Steph Deschamps / May 28, 2021
An expert located the human remains last weekend using geo-radar at the site of the former residential school near Kamloops, B.C., the Tk'emlups te Secwepemc Aboriginal community announced in a news release.
Some were only three years old, said Chief Rosanne Casimir.
According to her, the death of these children, the cause of which is unknown and when it occurred, has never been documented by the management of the residential school, even though their disappearance had already been mentioned in the past by members of this community.
Preliminary findings from the investigation are expected to be released in a report in June, Casimir said.
In the meantime, the community is working with the provincial medical examiner and museums to try to get to the bottom of this horrific discovery and find any documentation related to these deaths.
My heart breaks for the families and communities affected by this tragic news," wrote Canadian Aboriginal Relations Minister Carolyn Bennett on Twitter.
The school was closed in 1969
The former residential school, run by the Catholic Church on behalf of the Canadian government, was one of 139 such institutions established in the country in the late 19th century.
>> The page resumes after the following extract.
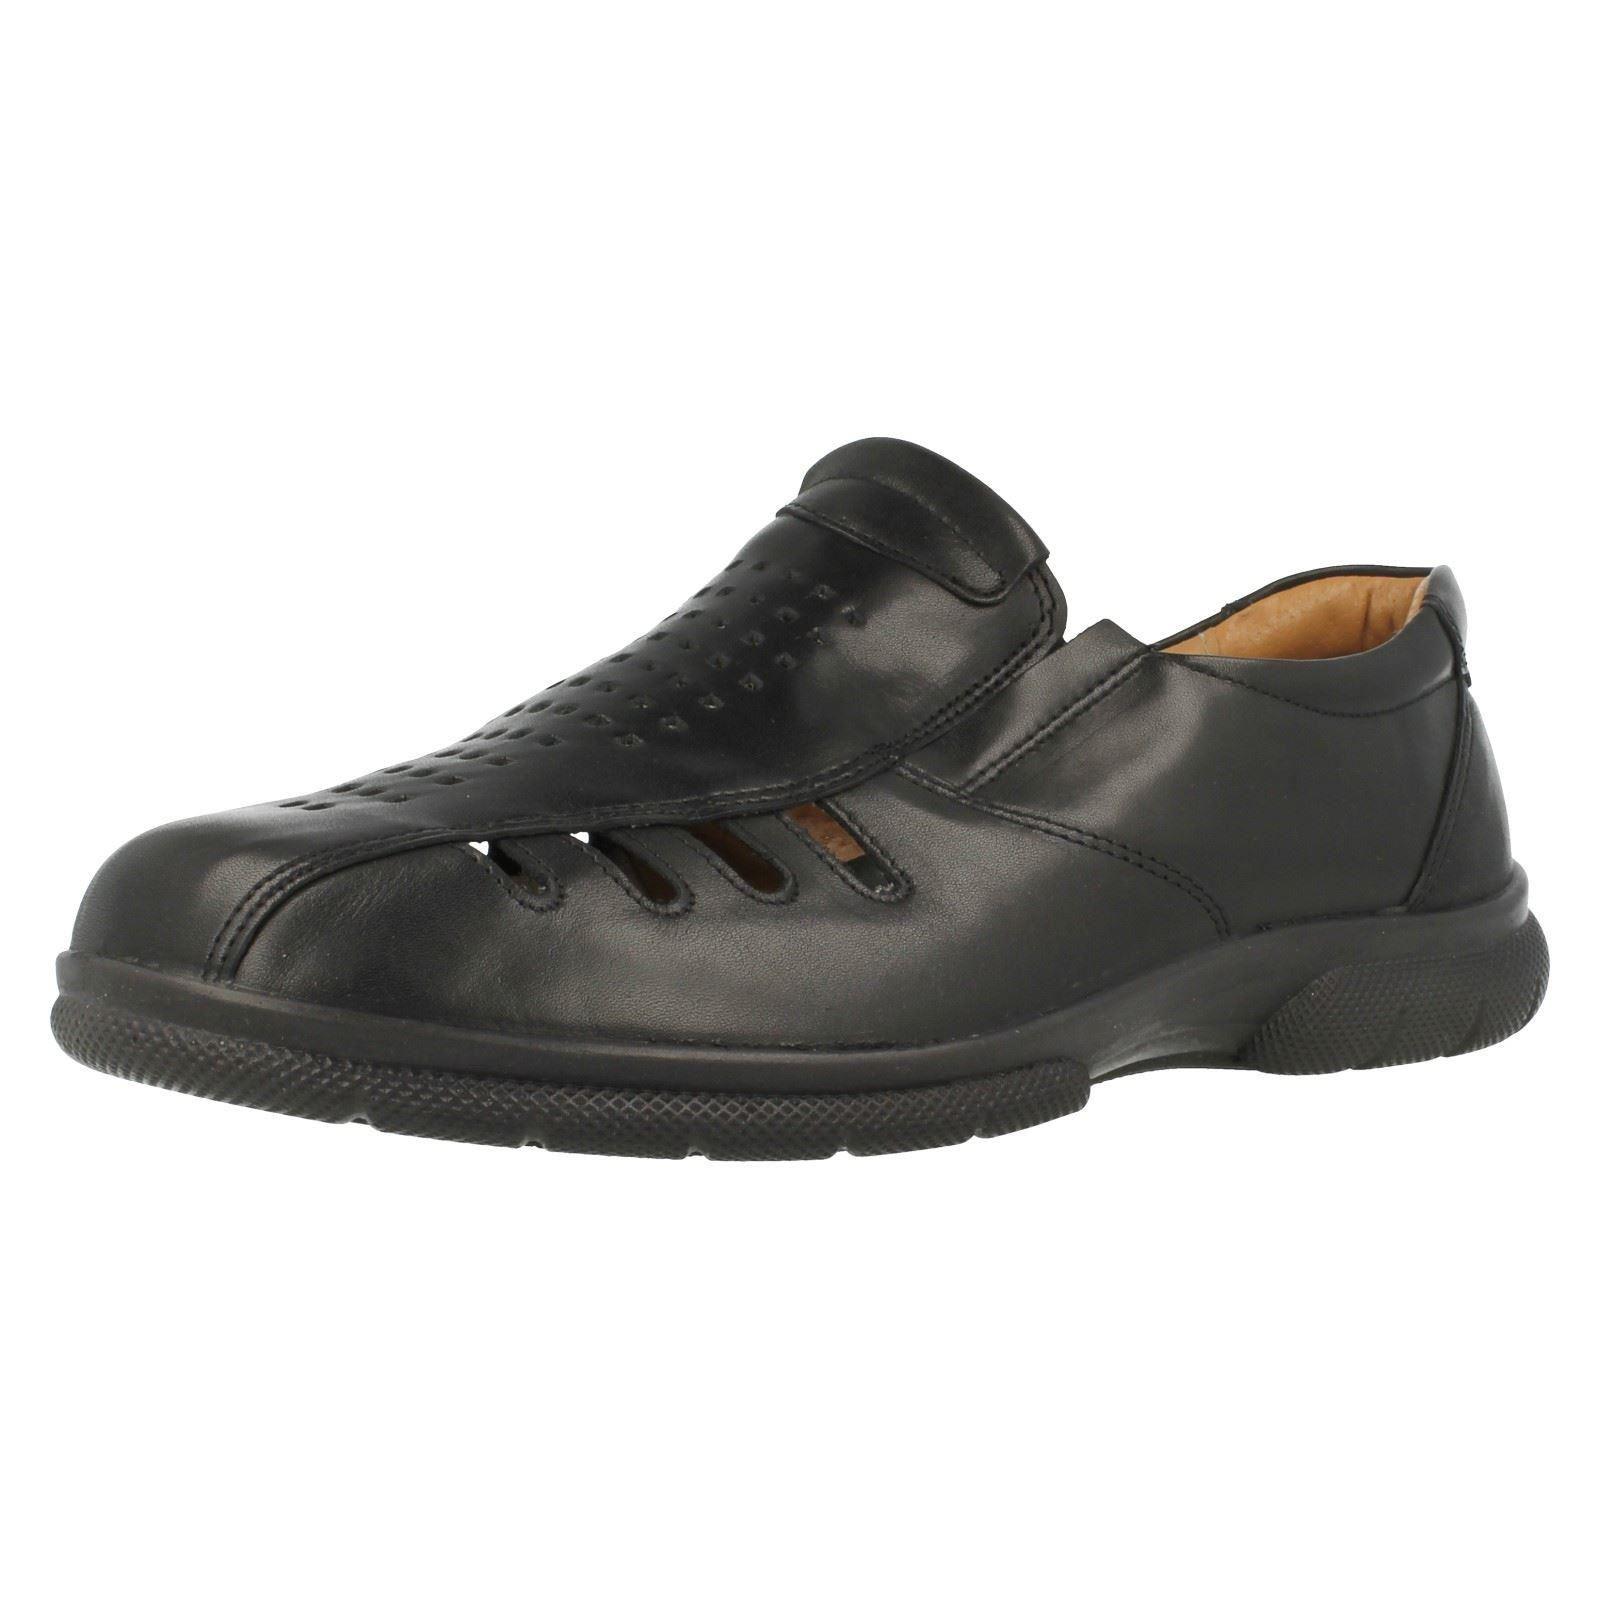 Sketchers Mens Extra Wtde Shoes

It opened in 1890 and served up to 500 students by the 1950s. It was closed in 1969.
Some 150,000 First Nations, Métis and Inuit children were forcibly conscripted into these schools, where they were cut off from their families, their language and their culture.
Many were subjected to mistreatment or sexual abuse, and at least 3,200 died, mostly of tuberculosis, according to the findings of a national commission of inquiry.